[Exercise directions]: Exactly as written, retype the listing below, omitting the pictures.

[Data provided]:
┌──
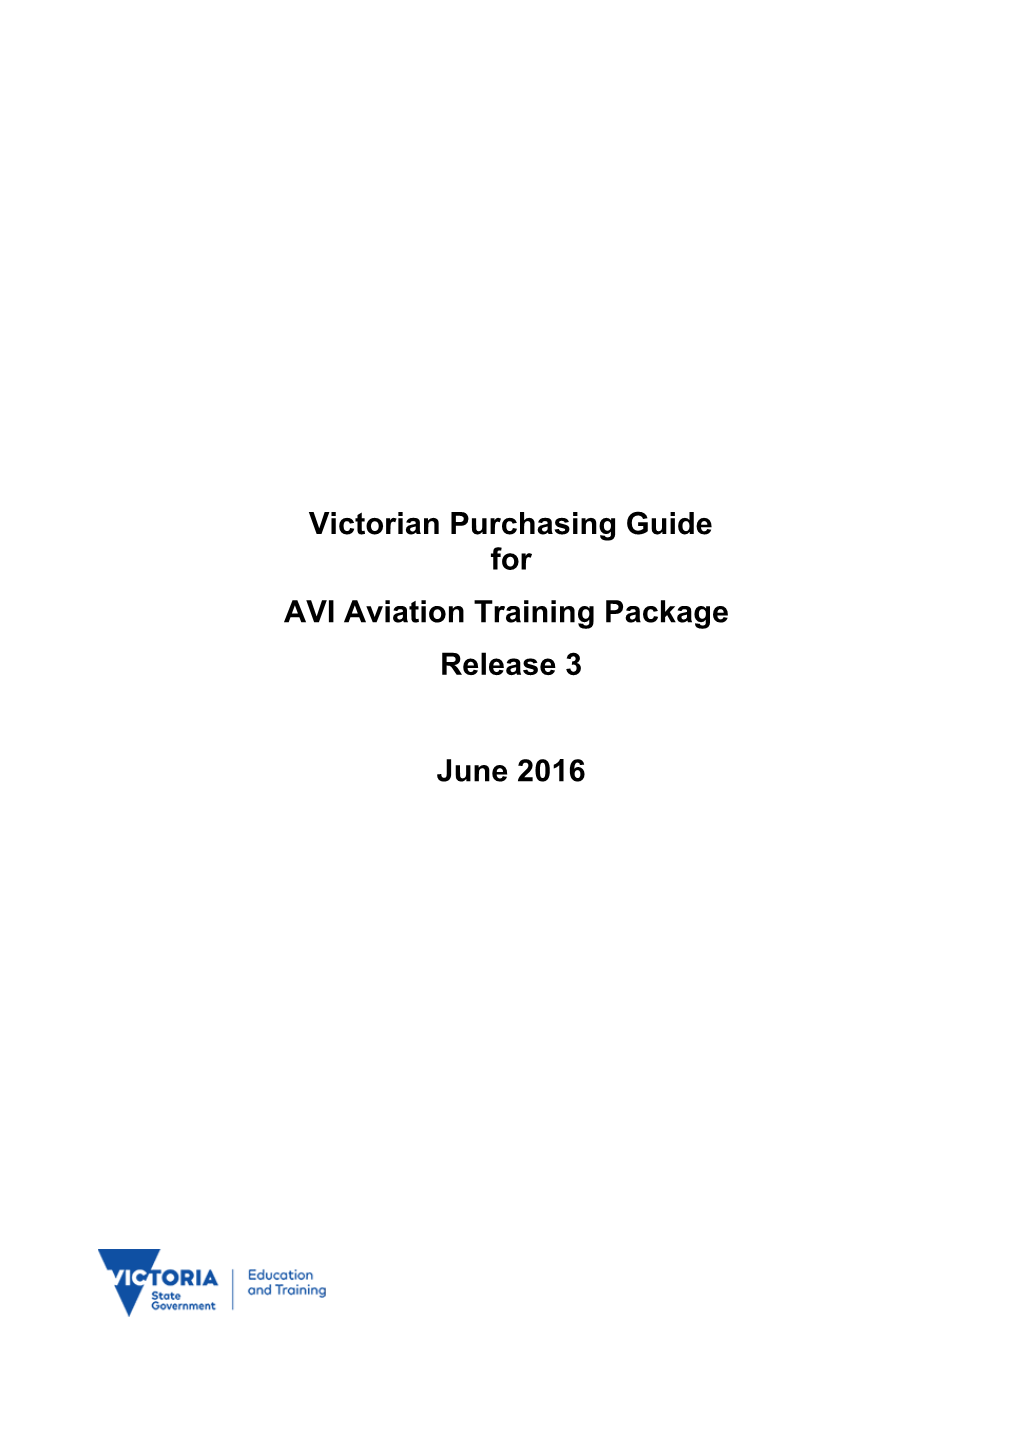 Victorian Purchasing Guide for AVI Aviation Release 1
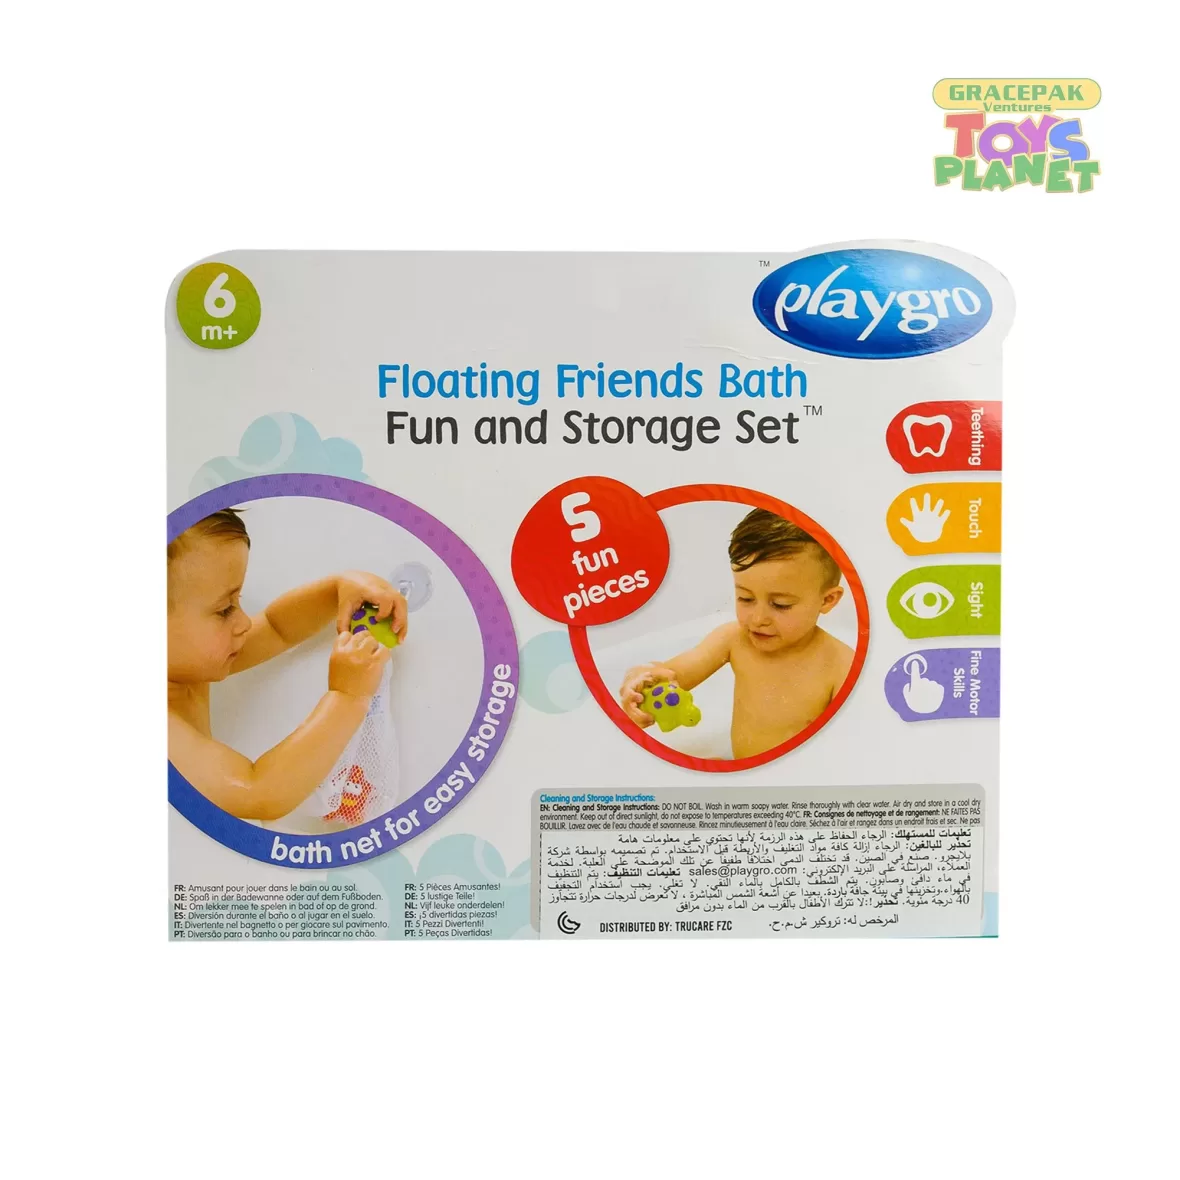 Playgro_Floating Friends Bath Fun and Storage Set – Fully Sealed_2
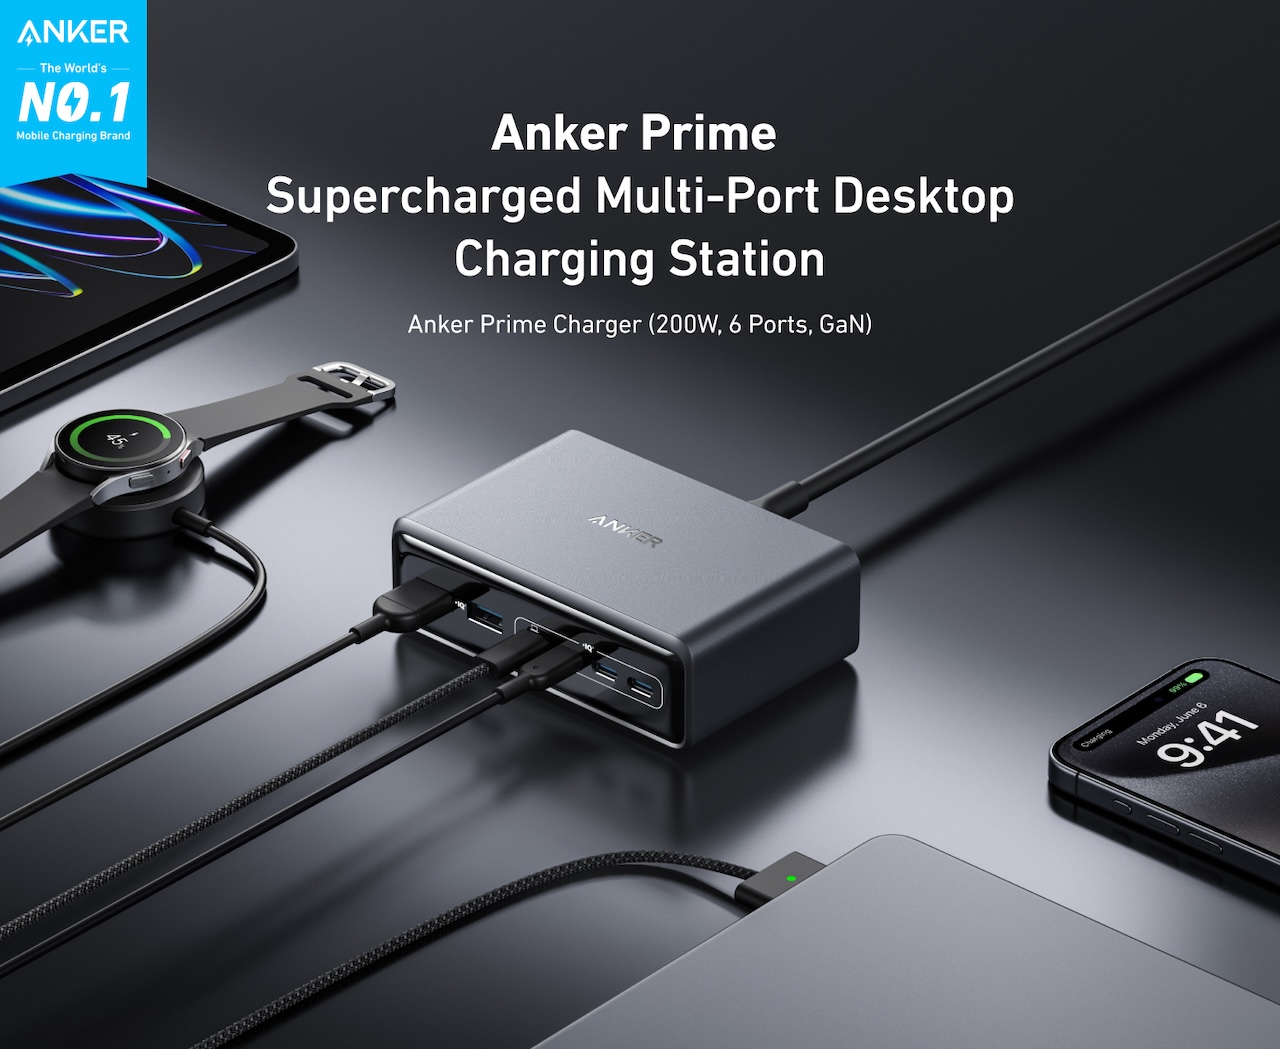 Anker Prime Charger (200W, 6 Ports, GaN)
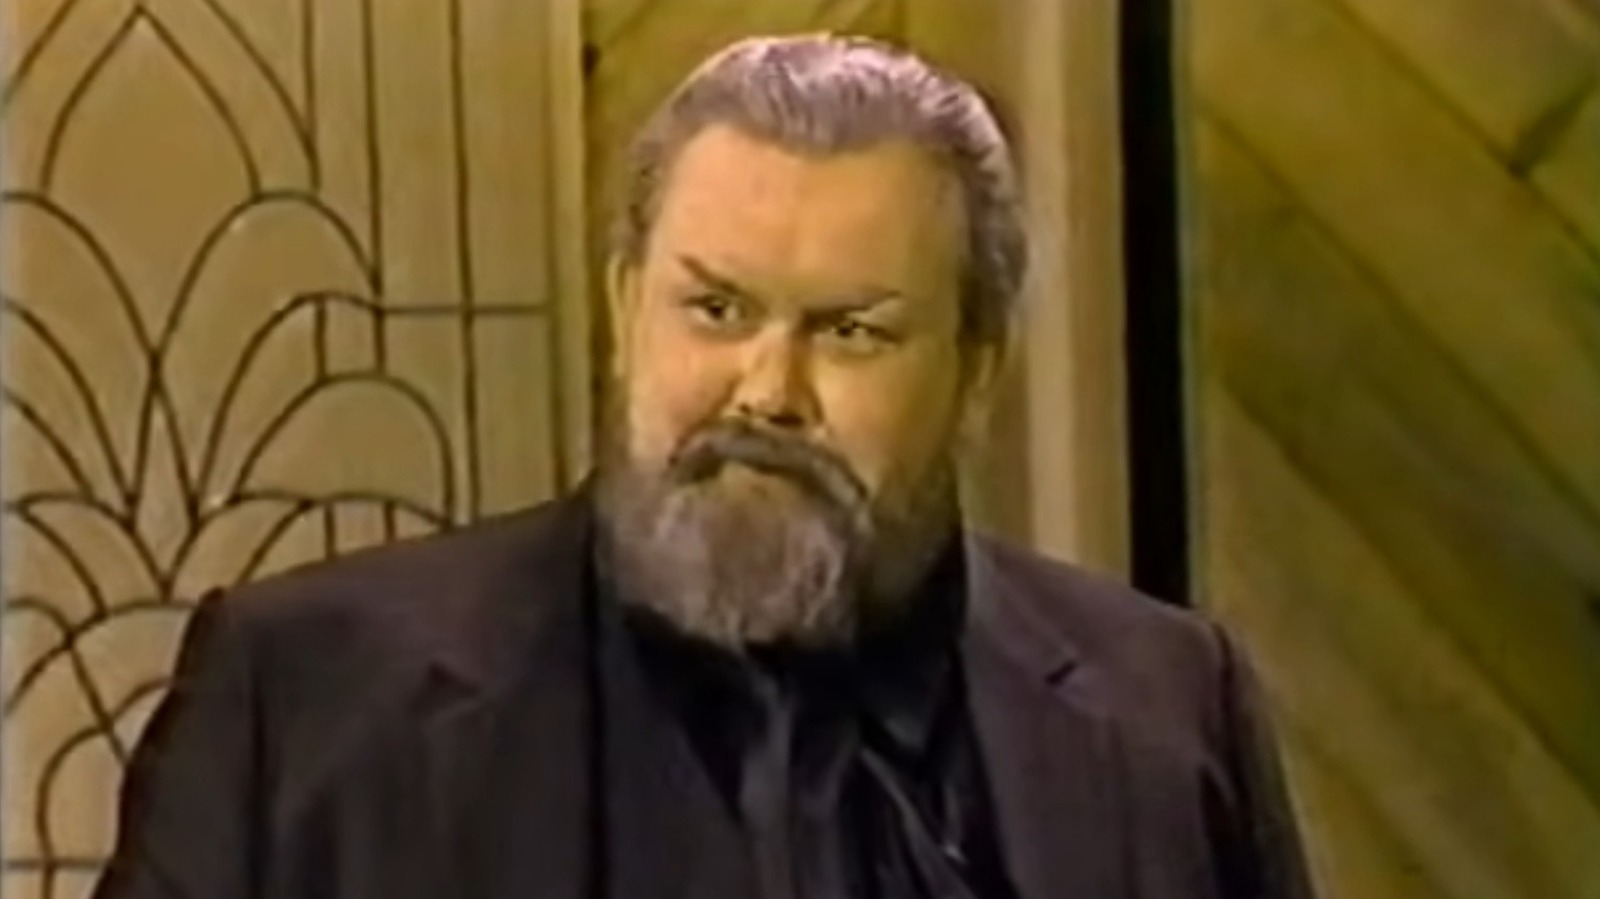 John Candy Brilliantly Channeled Orson Welles For Billy Crystal's Short-Lived TV Show
└──
[Result of this exercise]:
 Victorian Purchasing Guide for AVI Aviation Release 1
 Playgro_Floating Friends Bath Fun and Storage Set – Fully Sealed_2
 Anker Prime Charger (200W, 6 Ports, GaN)
 John Candy Brilliantly Channeled Orson Welles For Billy Crystal's Short-Lived TV Show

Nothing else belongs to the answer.